We're getting to a point that is outside of my mathematical prowess. Everything we've searched on so far has been using the L2 operator, the L2 comparison function, and that is a Euclidean comparison. Now this is the point, where as not a mathematician, we start to get outside the bounds of my understanding, but I do want to talk to you about the difference between three operators that you can use and where you might use one versus the other.

This is the L2 operator that we have been using. That is probably a totally fine default. There is also the cosine operator and the cosine operator looks like that. We've got that in there as well. The cosine operator looks like that. There is another operator called the L1, and these are just different ways to compare the underlying embeddings. The L1 operator is a plus sign and then there's another one called the inner product and this guy is a pound sign. What do we even call that, hashtag? It's been so long, number sign. These are the different operators.

Now, which one should you choose? Great question, it kind of depends. If you read the docs on PG Vector, it says when the embeddings are normalized, such as with Open AI, the inner product is going to be the most performant. If you go read some of the deeper technical papers from Open AI, it says it doesn't really matter, it does actually say it doesn't matter that much, but it recommends the cosine operator when the vectors have been normalized. Some of this depends on the data, some depends on the model that you're using, L1 is very resilient to big outliers or anomalies, where L2 can be skewed. I'm just looking for like a right down the middle, 80, 90, 95% use case.

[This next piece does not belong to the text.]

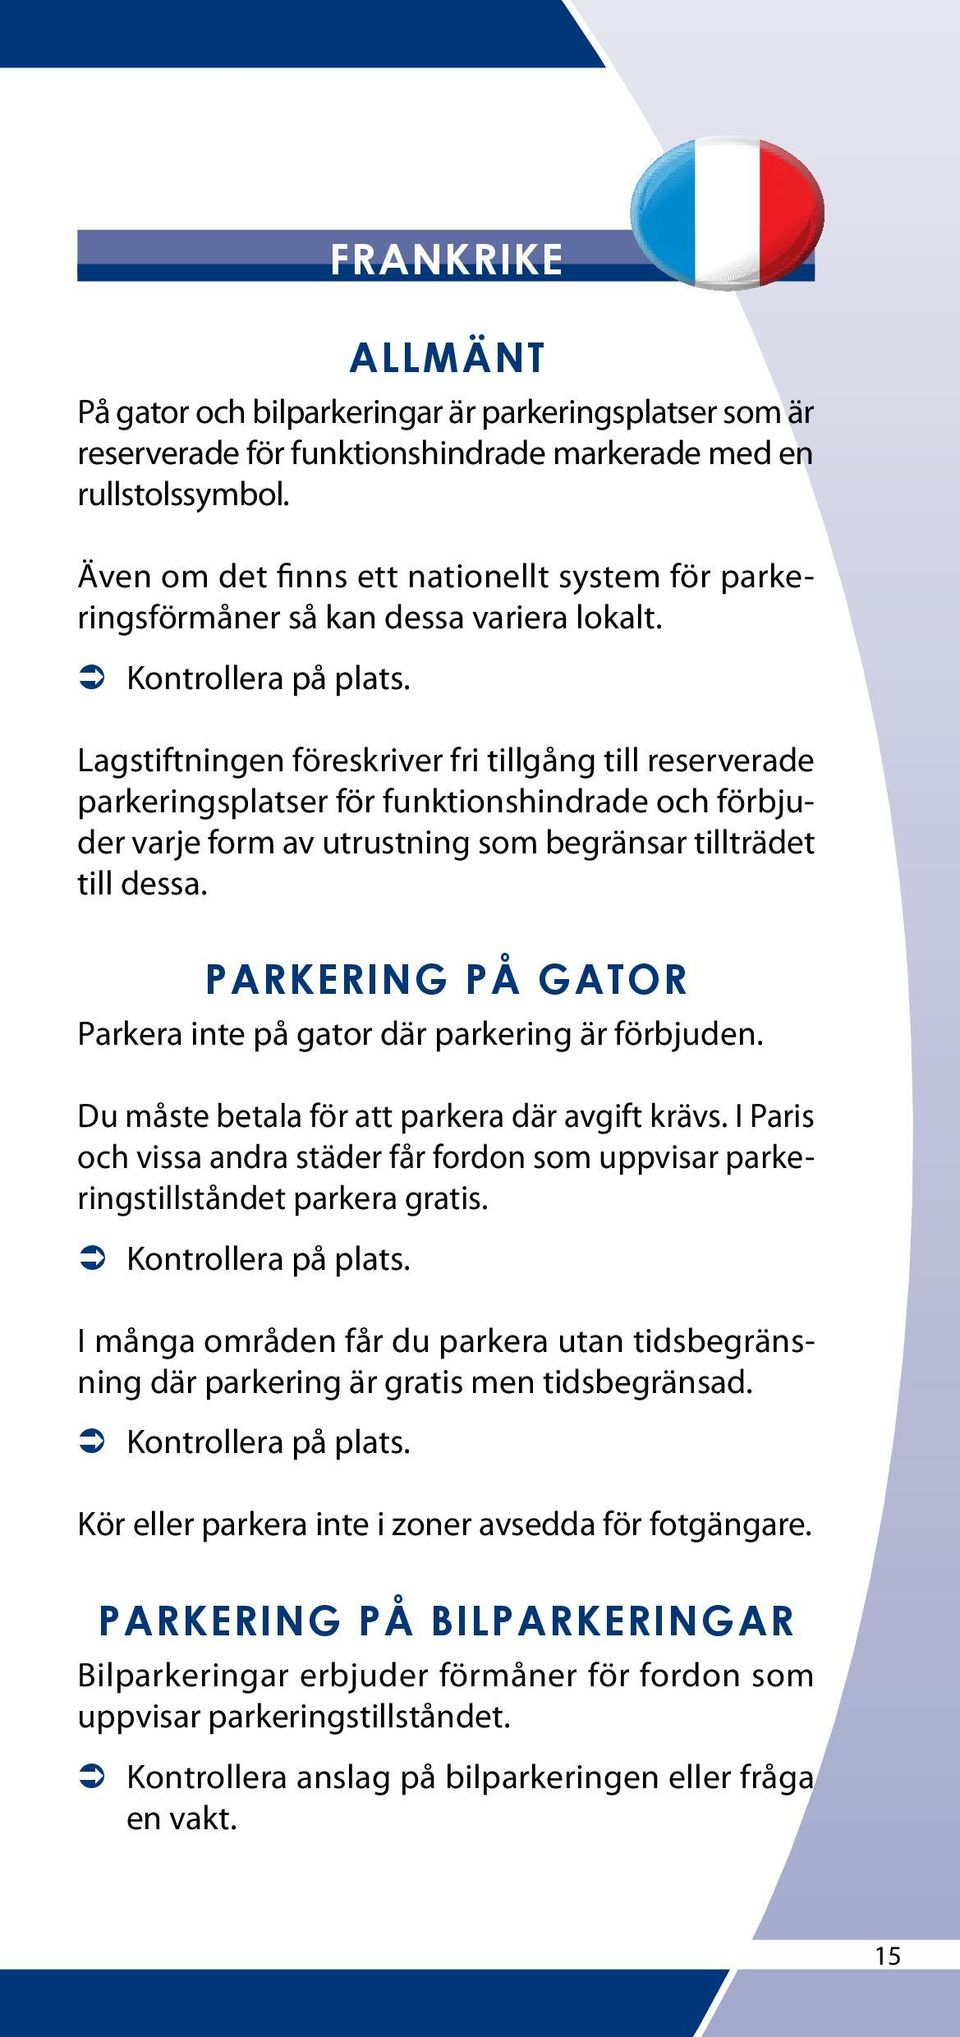 Parkera inte på gator där parkering är förbjuden. Du måste betala för att parkera där avgift krävs. I Paris och vissa andra städer får fordon som uppvisar parkeringstillståndet parkera gratis.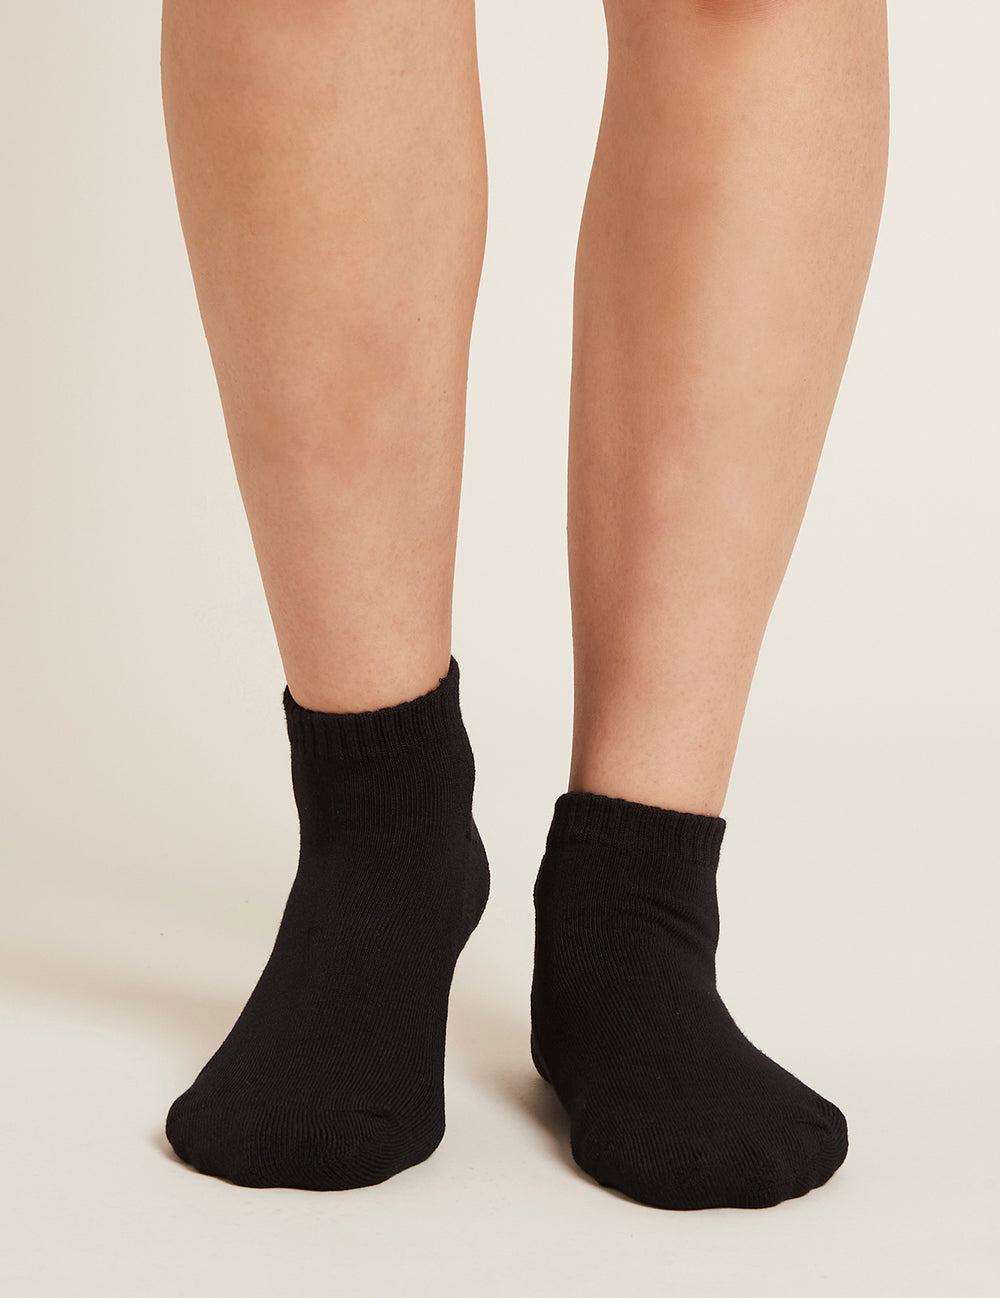  Falari 12 Pairs Women Ankle Socks Colorful ComfortSoft

According to Open AI, the cosine similarity is that, and according to PG Vector, the inner product is that, L2 is a very well understood, very commonly used distance comparison for vectors. Between the three of those, you'll find one that works very well for your use case. Take into consideration the model and their recommendation for comparing the vectors that they give you 'cause that's pretty important. When we look at indexing in the next video, we will continue to talk about these operators 'cause some of these indexes have flags that you can pass based on the operator that you plan to use. Again, this is a little bit above my pay grade in the mathematical sense, and so when you're considering what operator to use, you have to test it against your data.